"That is just unacceptable," says Rahul Yarala, executive director of the Wind Technology Testing Center at the MassCEC, the state-funded organization created to spur economic growth for Massachusetts in the clean energy sector. Instead of three testing units, they were going to scale back to two, as well as shrink the footprint of the building. A smaller building couldn’t accommodate 300-foot blades.
"But then the [U.S. Department of Energy (DOE)] came in and said, ‘If we’re going to do this, let’s do it right,’" Yarala says.
The $40 million center was given new life with $25 million in funds from the DOE under the American Recovery and Reinvestment Act.
Touchdown
The facility, set to open later this year at the Massachusetts’s Port Authority in Boston, will support the United States’ growing wind power industry by helping to reduce blades and wind turbines costs and attract companies to design, manufacture and test their products domestically.
The 50,000 sq. ft. facility will also promote the growth of U.S. companies that are part of the wind turbines production supply chain —including fiberglass distributors and advanced composite materials manufacturers.
"With this project, we are not only catching up [with the other countries that have large-scale testing centers], but we are going to get ahead the curve," Yarala says.
Yarala says the facility itself is expected to create up to 300 construction jobs, about 30 design and eight administrative positions when it is completed.
Practice field
As the amount of energy generated from wind farm grows, so do the size of wind turbines blades. In the 1980s, blades were 65 feet long.
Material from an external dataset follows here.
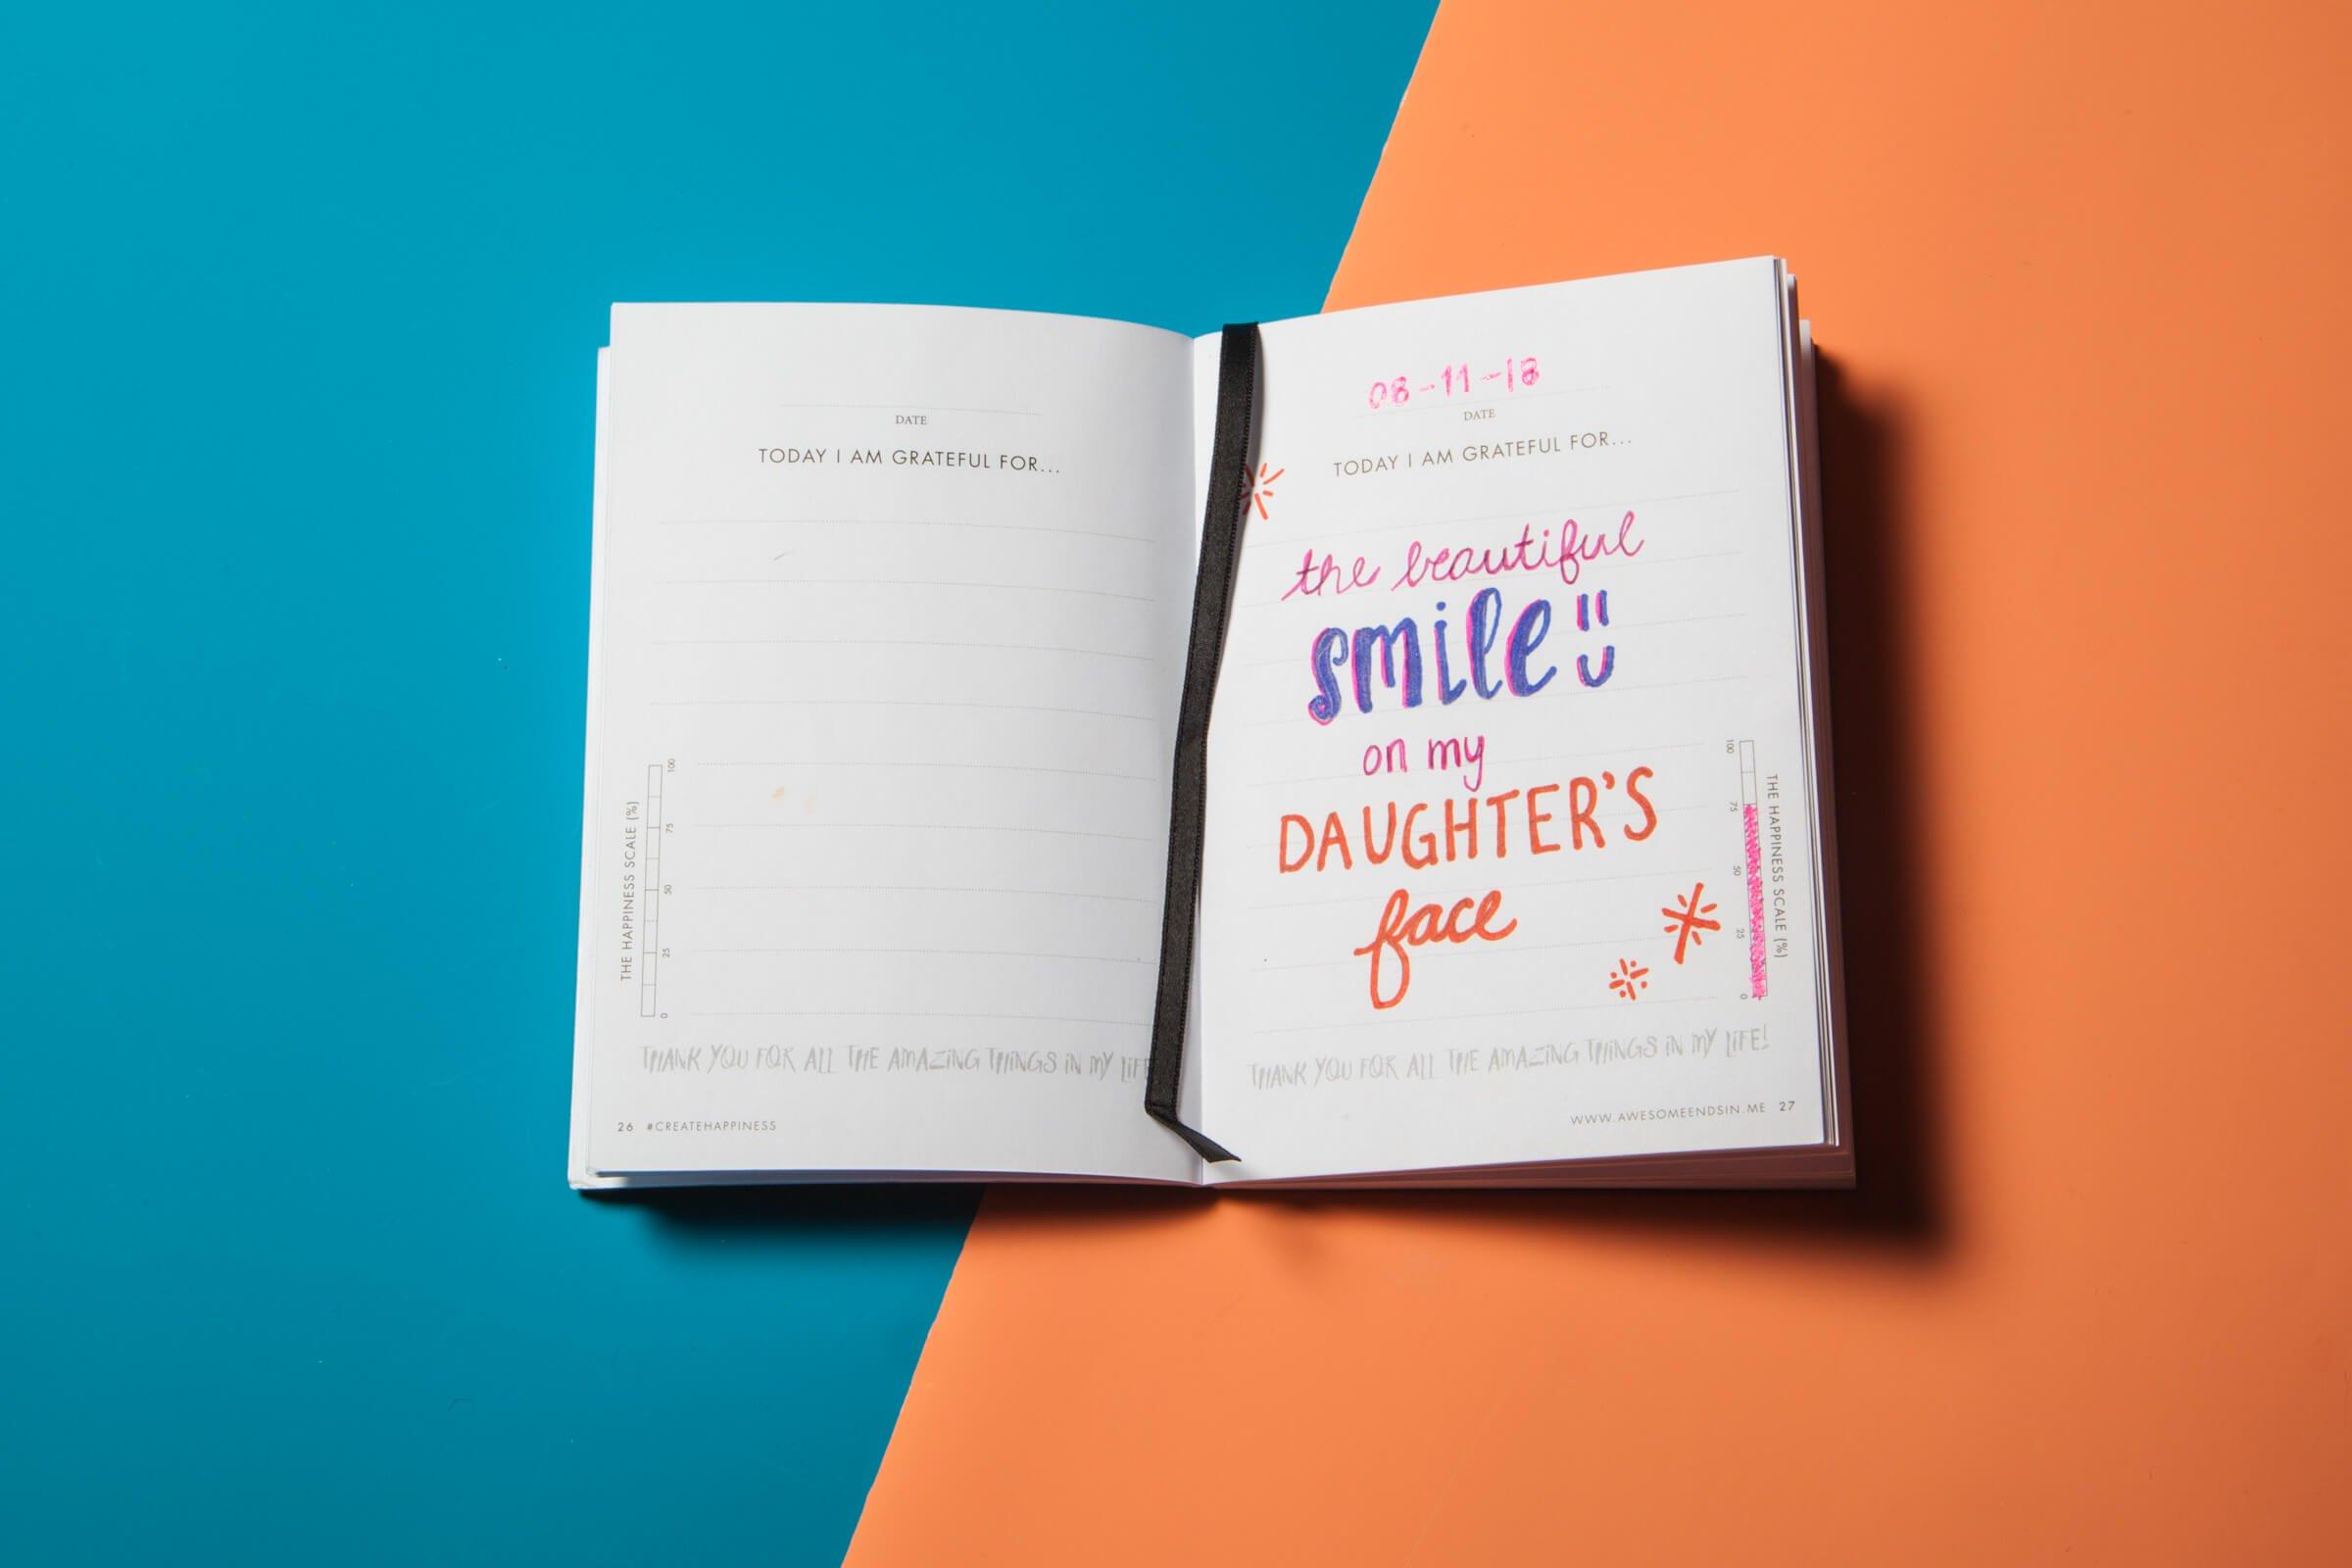 Viết nhật ký biết ơn và những điều tuyệt vời đính kèm!   Đẹp365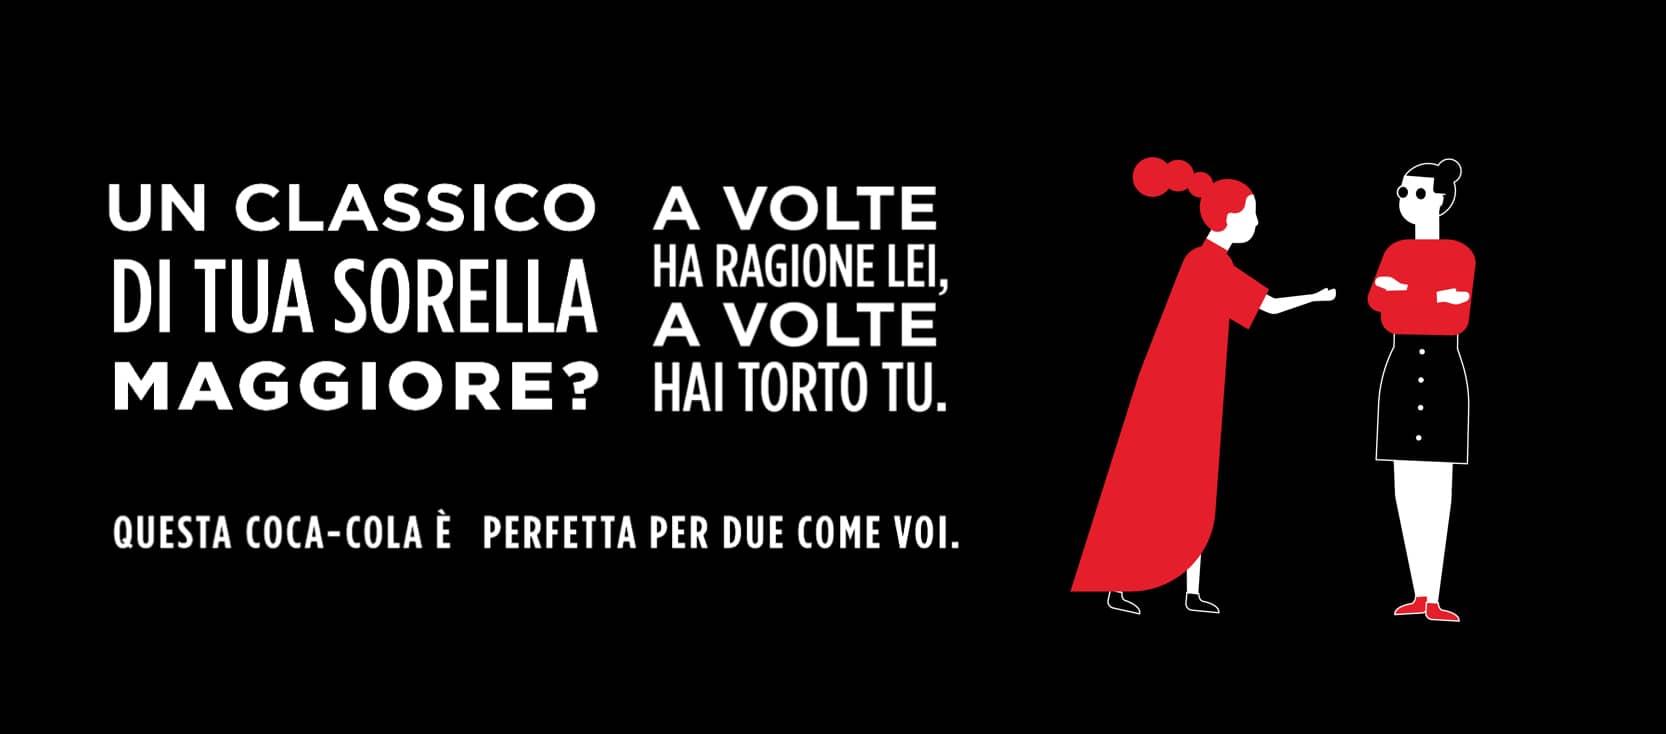 Coca-Cola label design copywriting sorella maggiore

Now blades are about 200 feet in the U.S. and, in the future, blades will be roughly the size of a football field.
Bigger blades mean more watts, but before any blades get attached to turbines, they need to be tested and certified.
Europe and Brazil, the only places with facilities large enough and qualified enough to undertake such tasks, are expensive options for American blade manufacturers looking to cost-effectively bring new products to the U.S. market.
The new American facility, which will test about 12 blades a year, will conduct two primary tests — static and fatigue — as part of an ISO, or international standard organization, certification for wind blades.
Blades are bolted to a 12-foot-thick slab of concrete that stands 40 feet tall and 80 feet wide. The static test determines the strength of the blade to find its breaking point and takes about two weeks. The fatigue test, which lasts three to six months, simulates the wear and tear of a blade, similar to repeatedly bending a paper clip back and forth.
Yarala says the Wind Technology Testing Center’s first test run may take place in January 2011, with the first commercial test in March.
The facility will also provide a close testing lab for academia and scientists working on new designs and bolster an emerging offshore wind industry in Massachusetts and beyond, Yarala says. Most offshore wind farms in Europe and other parts of the world have blades 300 feet and up.
The 300-foot blades, which Yarala says will hit the U.S. market in the next 10 years, will be used on 5 MW turbines and up. Today’s 200-foot blades are mainly affixed to 1.5 MW and 2 MW wind turbines.
"This kind of infrastructure will help bring down the costs and make the [wind industry] more competitive," Yarala says. "It’s going to help companies test a lot more, and help them get into the wind turbine market."